Anyway, we feed him every time he comes around but he keeps looking like he's LOOSING weight. We can't take him in because we already have 2 cats that don't get along and we don't have the money to fix him. we've tried to take him to the animal shelter but they're full every time. Does anyone know of anything we can do to help him gain weight? Would trying to get him to drink some baby formula help him at all? 

We've had about 6 stray cats come and go from hanging around our house (many of them we found on the side of the road) and I really don't want him to go either. Any help is much appreciated.


----------



## PandaBee

It's possible that this cat could have an illness or a parasite. If that's the case, you could bring him to the vet.

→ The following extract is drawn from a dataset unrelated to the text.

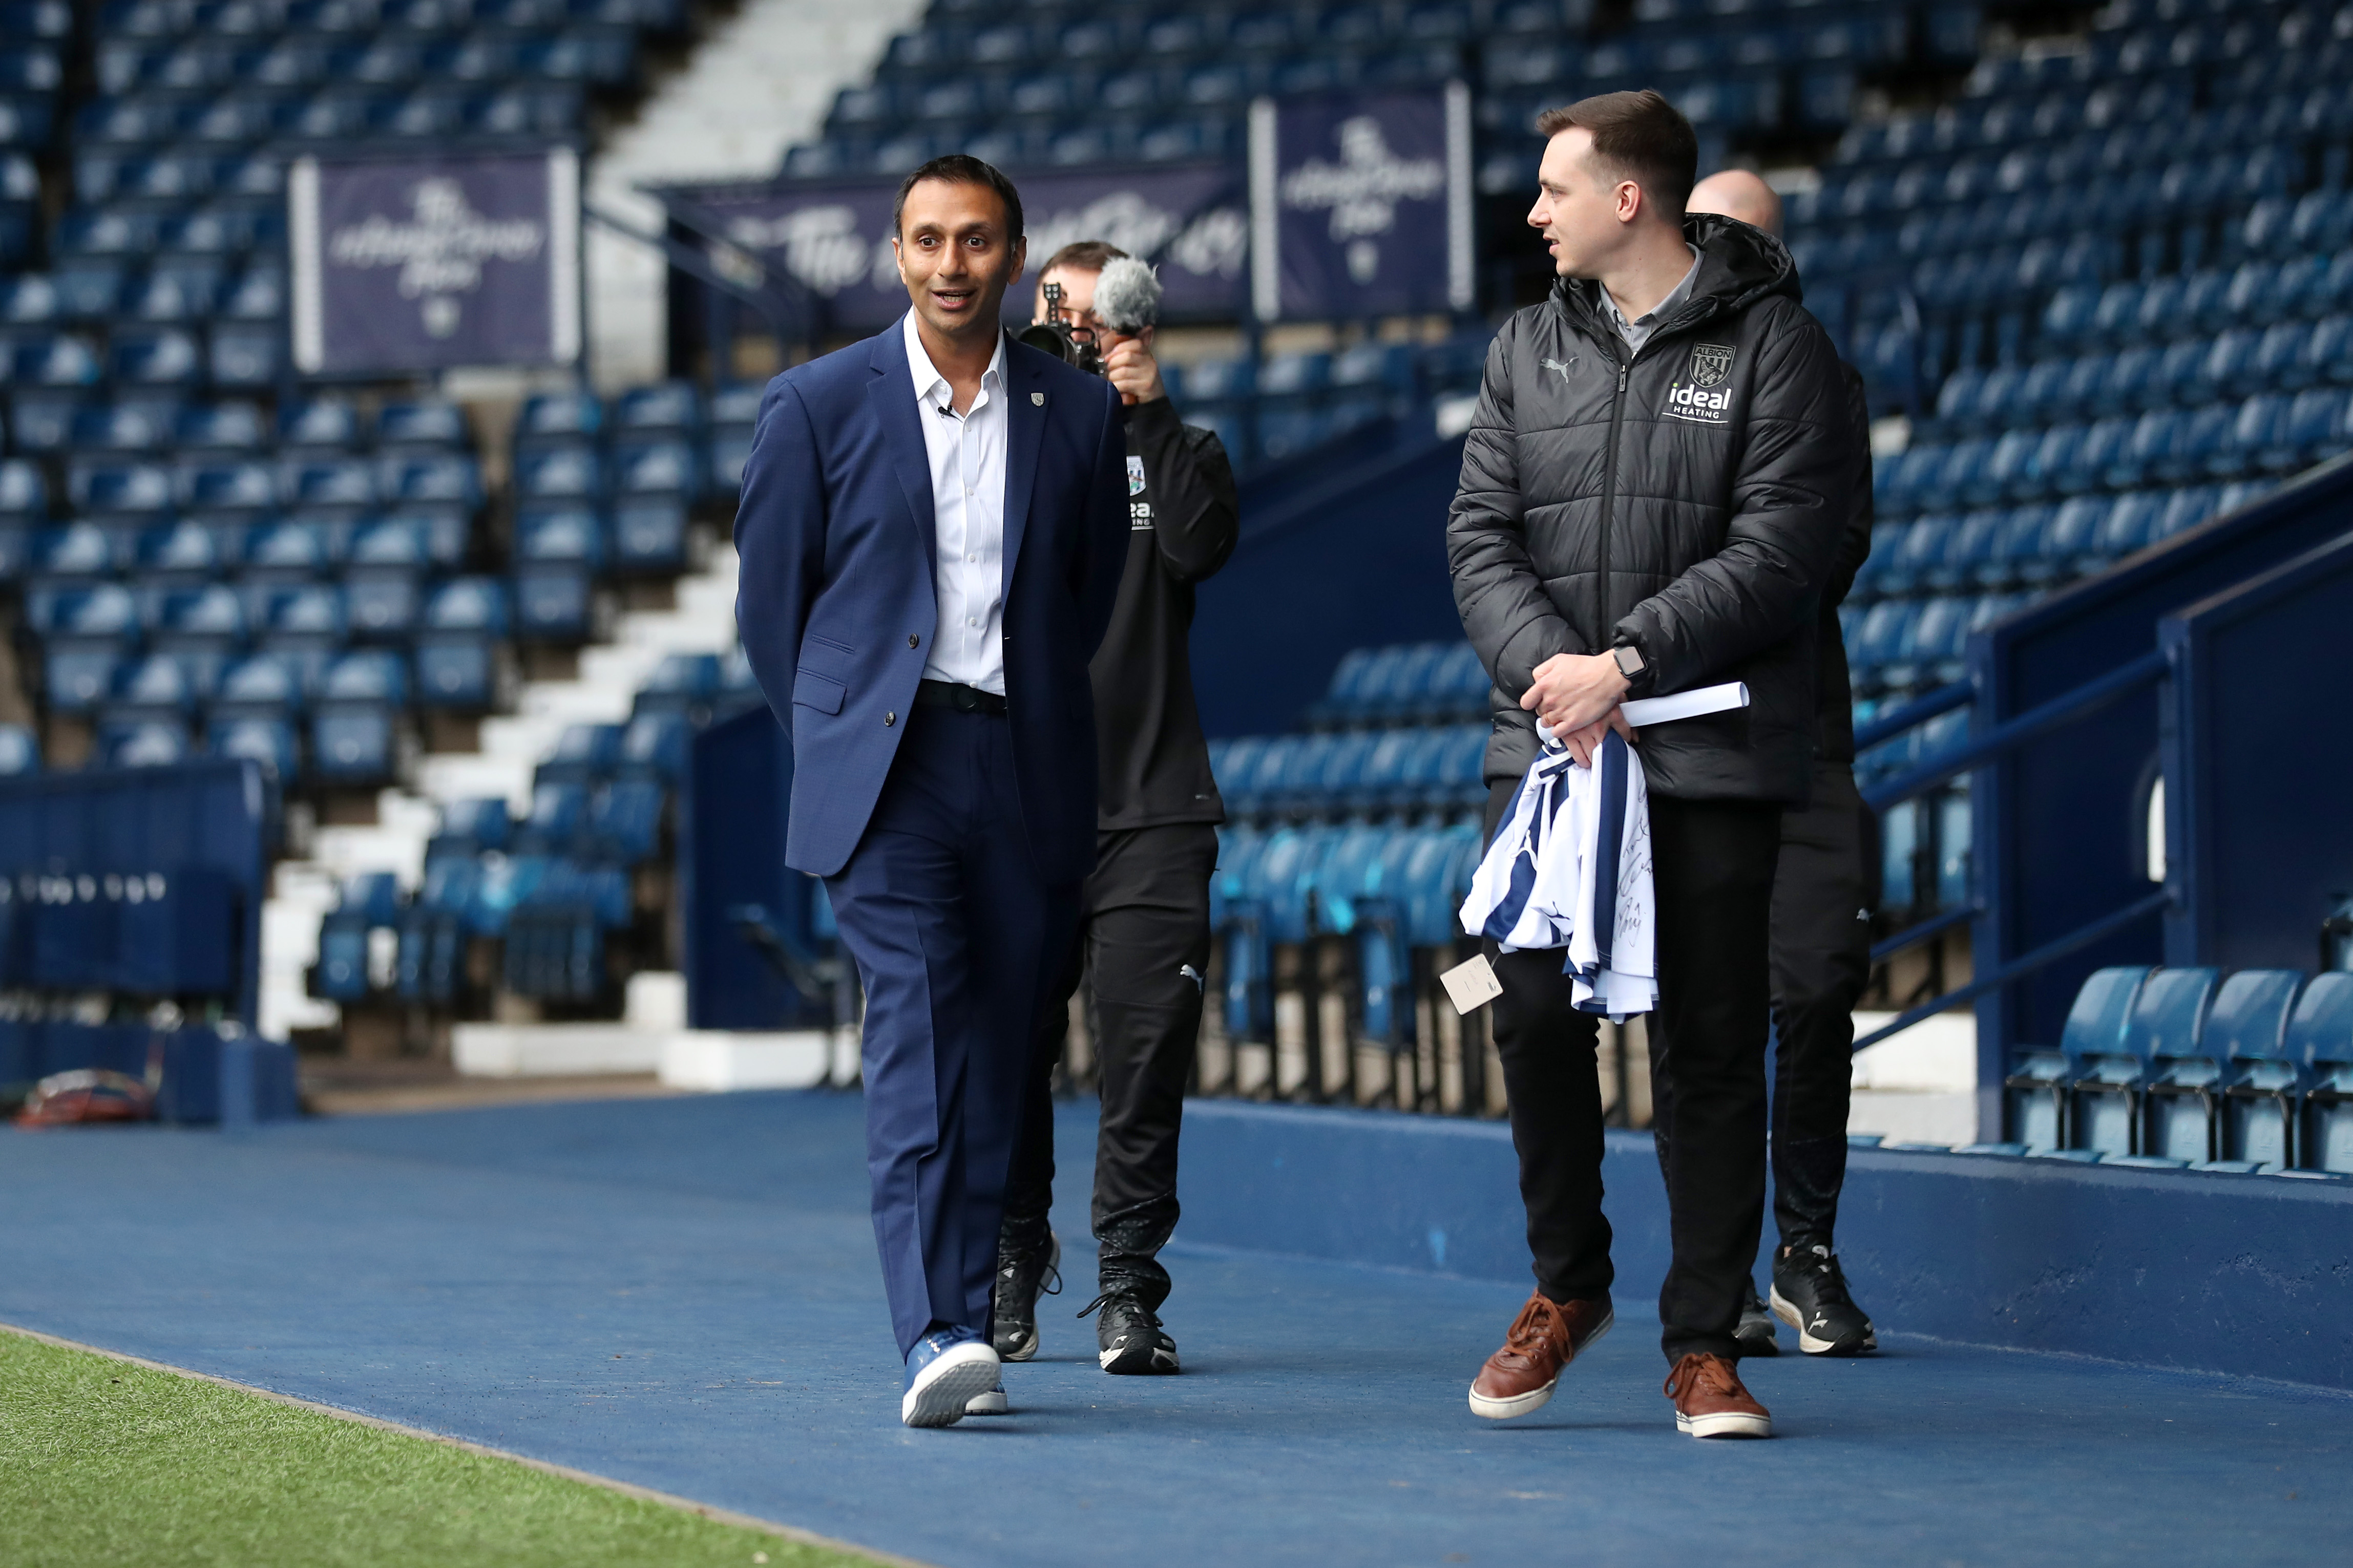 Shilen Patel walking along the blue track in front of the West Stand with West Bromwich Albion's Senior Communications Officer Sean Watts

I have the habit (a horrible one according to my dad and the neighbors) of leaving food out for the feral cats around the farm. If I notice any of the cats looking a little too lean, I leave the food and some clean water out everyday, just as I would for my own cat. I also add "people" foods: cooked meat, fish, eggs, veggies. I hear cheese is also really good. I also use a high quality, high-protein food. You could also add pet multi-vitamins to ensure that O.J. is getting all the vitamins and minerals that he needs. Avoid fatty foods. These can actually have the reverse effect, causing the animal to lose weight, as they put stress on the animal's system and can cause diarrhea and vomiting. High protein, low fat. 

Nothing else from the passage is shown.